What these snippets don't cover. Multi-instance
deployments where you want exactly one token fetch per expiry window across
N replicas — put the cached token in Redis/Memcached with a SET-NX lease
(only one instance does the exchange, the rest read). And zero-latency
double-buffered refresh, where you fetch the next token in parallel once
the current one hits 75 % TTL — overkill for most partners; worth it
for critical-path services that can't tolerate even a 200 ms exchange.
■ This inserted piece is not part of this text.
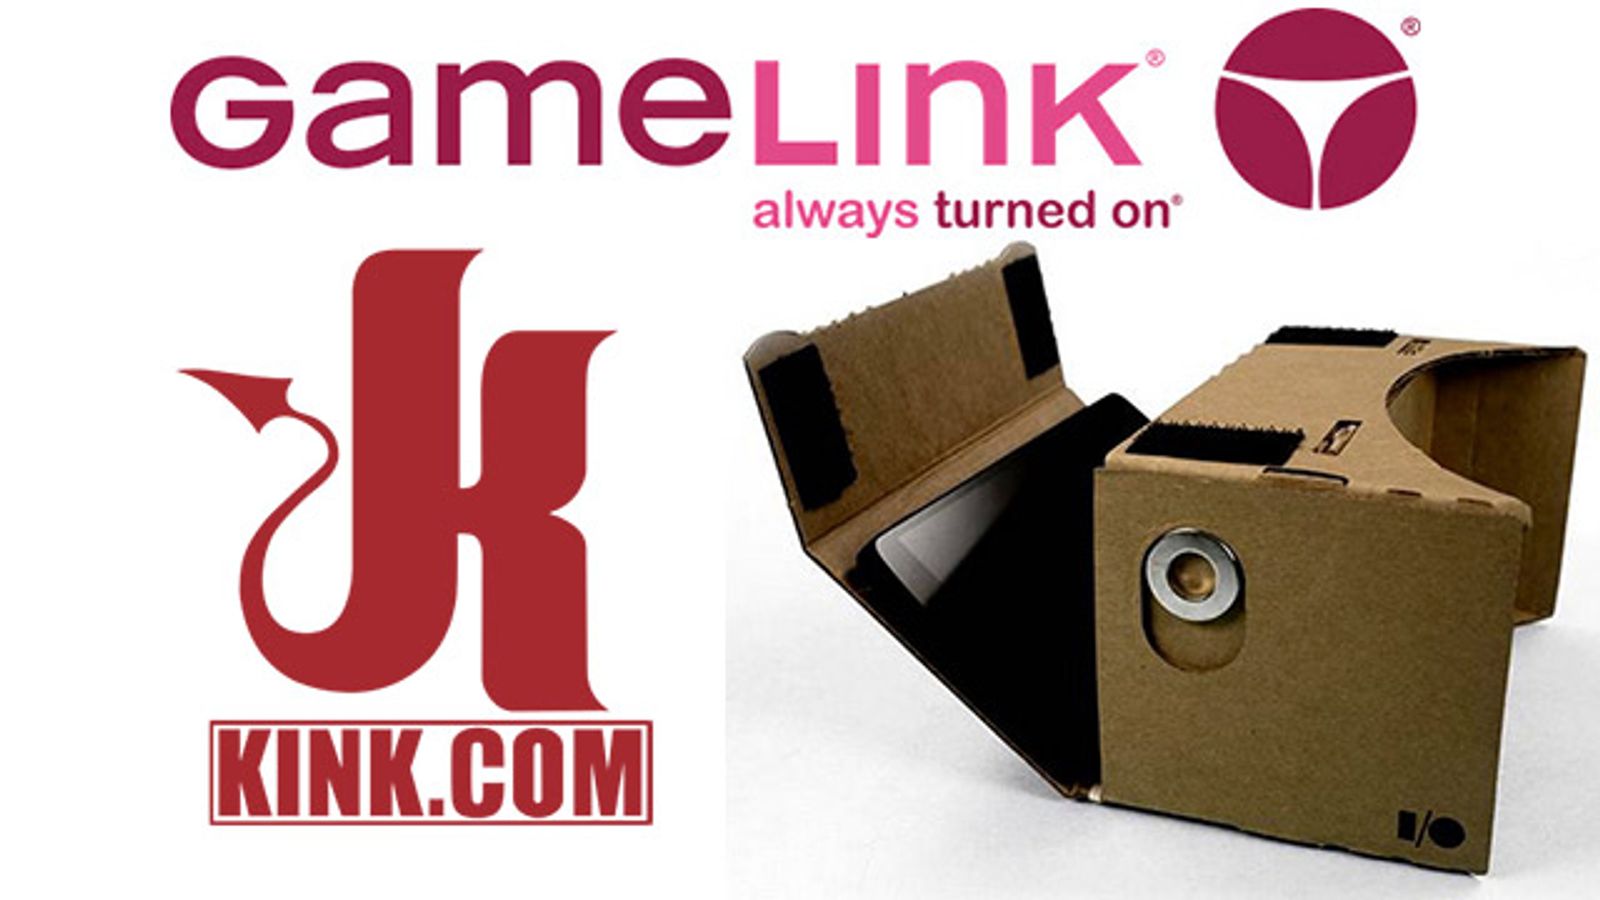 GameLink, Kink To Discuss, Demo VR At Traffic Jam 2016 Event

Sandbox and production isolation
Sandbox and production keys are issued and rotated
independently. They don't share signing material, so a compromise
of your sandbox X-API-Key or hmac_secret cannot
be replayed against production, and vice versa. The same property holds for
the platform credentials Skadi uses internally to operate each environment
— each project carries its own non-overlapping set of API keys, so a leak
in one tenant can't escalate to another.
Practically:
- Treat sandbox and production keys as separate secrets. Don't copy values between them.
- If you suspect either is compromised, rotate that environment alone — no cross-environment coordination needed.
- Sandbox secrets in CI / local dev can (and should) rotate on a different cadence from production.
Skip the scripting
Postman collections for both modes are ready to import — fill two env vars,
run:
HMAC (.json) ·
OAuth (.json) ·
Env (.json).
The signing walkthrough on Getting started
covers the same flow in raw curl.
Codegen-ready: the full OpenAPI 3.1 spec documents both security schemes —
pipe openapi.yaml through
openapi-generator for typed clients.